>>>

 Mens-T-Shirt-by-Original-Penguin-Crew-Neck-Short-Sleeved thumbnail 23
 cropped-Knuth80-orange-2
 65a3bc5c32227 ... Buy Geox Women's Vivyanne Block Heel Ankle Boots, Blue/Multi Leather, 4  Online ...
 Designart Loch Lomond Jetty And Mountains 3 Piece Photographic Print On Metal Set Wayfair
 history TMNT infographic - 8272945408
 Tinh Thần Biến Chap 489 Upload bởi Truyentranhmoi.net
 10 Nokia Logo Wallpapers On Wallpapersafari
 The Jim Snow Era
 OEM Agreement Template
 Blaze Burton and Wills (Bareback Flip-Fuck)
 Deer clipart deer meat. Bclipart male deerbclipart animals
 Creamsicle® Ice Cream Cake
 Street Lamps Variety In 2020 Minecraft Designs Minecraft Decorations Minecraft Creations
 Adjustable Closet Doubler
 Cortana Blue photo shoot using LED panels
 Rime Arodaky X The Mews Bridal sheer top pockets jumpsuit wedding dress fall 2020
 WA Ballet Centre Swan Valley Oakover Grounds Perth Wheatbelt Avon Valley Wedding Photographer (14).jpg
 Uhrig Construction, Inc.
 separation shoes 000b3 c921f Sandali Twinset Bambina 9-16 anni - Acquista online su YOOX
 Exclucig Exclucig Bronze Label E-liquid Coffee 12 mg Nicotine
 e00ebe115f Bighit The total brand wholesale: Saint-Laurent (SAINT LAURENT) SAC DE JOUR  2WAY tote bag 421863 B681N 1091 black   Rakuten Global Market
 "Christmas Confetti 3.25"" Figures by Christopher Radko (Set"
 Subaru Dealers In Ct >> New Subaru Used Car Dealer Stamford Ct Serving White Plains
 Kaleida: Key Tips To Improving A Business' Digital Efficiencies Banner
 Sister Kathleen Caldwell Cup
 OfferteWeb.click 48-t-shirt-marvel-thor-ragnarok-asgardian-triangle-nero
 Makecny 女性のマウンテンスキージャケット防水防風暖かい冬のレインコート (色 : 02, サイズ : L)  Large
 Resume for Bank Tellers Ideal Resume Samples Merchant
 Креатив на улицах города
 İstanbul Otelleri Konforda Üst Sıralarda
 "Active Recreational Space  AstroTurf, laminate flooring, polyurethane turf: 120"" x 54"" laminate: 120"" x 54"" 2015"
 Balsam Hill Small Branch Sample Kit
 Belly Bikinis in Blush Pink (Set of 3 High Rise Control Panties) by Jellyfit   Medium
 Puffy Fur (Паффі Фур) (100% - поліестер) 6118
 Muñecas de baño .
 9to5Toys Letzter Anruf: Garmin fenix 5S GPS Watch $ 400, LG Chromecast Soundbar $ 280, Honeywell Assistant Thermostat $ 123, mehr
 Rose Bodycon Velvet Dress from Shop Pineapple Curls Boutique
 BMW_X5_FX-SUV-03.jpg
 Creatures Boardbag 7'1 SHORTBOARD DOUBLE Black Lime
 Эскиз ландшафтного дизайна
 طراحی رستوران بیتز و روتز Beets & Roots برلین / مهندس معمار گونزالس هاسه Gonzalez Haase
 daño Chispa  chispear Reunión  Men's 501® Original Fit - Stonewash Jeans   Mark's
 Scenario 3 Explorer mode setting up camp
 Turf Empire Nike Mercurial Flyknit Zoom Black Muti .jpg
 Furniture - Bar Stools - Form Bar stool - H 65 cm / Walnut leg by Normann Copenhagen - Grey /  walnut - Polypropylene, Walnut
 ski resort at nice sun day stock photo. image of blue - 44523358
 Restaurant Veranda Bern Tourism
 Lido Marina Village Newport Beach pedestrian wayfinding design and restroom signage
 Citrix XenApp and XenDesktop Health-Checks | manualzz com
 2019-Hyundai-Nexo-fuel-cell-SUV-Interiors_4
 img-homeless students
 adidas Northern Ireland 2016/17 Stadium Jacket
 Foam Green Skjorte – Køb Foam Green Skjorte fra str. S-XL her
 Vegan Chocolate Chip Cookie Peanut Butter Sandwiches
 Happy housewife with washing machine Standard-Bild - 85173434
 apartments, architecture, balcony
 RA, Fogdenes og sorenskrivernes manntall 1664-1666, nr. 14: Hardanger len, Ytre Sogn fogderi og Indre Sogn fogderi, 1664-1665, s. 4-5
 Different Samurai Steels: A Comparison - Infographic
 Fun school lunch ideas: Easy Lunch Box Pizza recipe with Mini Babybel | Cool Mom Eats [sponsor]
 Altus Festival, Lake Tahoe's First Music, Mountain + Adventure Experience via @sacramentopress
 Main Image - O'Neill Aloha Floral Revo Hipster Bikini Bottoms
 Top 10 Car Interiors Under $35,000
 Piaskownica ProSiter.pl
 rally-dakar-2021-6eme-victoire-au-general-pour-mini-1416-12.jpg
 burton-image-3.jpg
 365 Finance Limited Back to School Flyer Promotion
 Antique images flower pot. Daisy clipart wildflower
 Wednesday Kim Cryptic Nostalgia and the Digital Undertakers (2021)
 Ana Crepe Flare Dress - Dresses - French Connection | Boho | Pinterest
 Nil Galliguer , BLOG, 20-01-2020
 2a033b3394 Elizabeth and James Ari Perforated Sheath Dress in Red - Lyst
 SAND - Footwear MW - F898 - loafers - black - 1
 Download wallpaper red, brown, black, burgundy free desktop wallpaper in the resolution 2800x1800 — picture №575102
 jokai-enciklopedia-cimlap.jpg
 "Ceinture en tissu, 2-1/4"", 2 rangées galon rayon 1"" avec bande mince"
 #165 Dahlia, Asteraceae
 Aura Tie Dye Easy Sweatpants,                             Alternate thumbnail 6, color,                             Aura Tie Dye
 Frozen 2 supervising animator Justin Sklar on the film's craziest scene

<<<

§ **Instructions to follow**: Exactly the lines above from the one with "OEM Agreement Template" to the one with "separation shoes 000b3", both included, are to be quoted; leave the rest out.

§ **Task answer**:
 OEM Agreement Template
 Blaze Burton and Wills (Bareback Flip-Fuck)
 Deer clipart deer meat. Bclipart male deerbclipart animals
 Creamsicle® Ice Cream Cake
 Street Lamps Variety In 2020 Minecraft Designs Minecraft Decorations Minecraft Creations
 Adjustable Closet Doubler
 Cortana Blue photo shoot using LED panels
 Rime Arodaky X The Mews Bridal sheer top pockets jumpsuit wedding dress fall 2020
 WA Ballet Centre Swan Valley Oakover Grounds Perth Wheatbelt Avon Valley Wedding Photographer (14).jpg
 Uhrig Construction, Inc.
 separation shoes 000b3 c921f Sandali Twinset Bambina 9-16 anni - Acquista online su YOOX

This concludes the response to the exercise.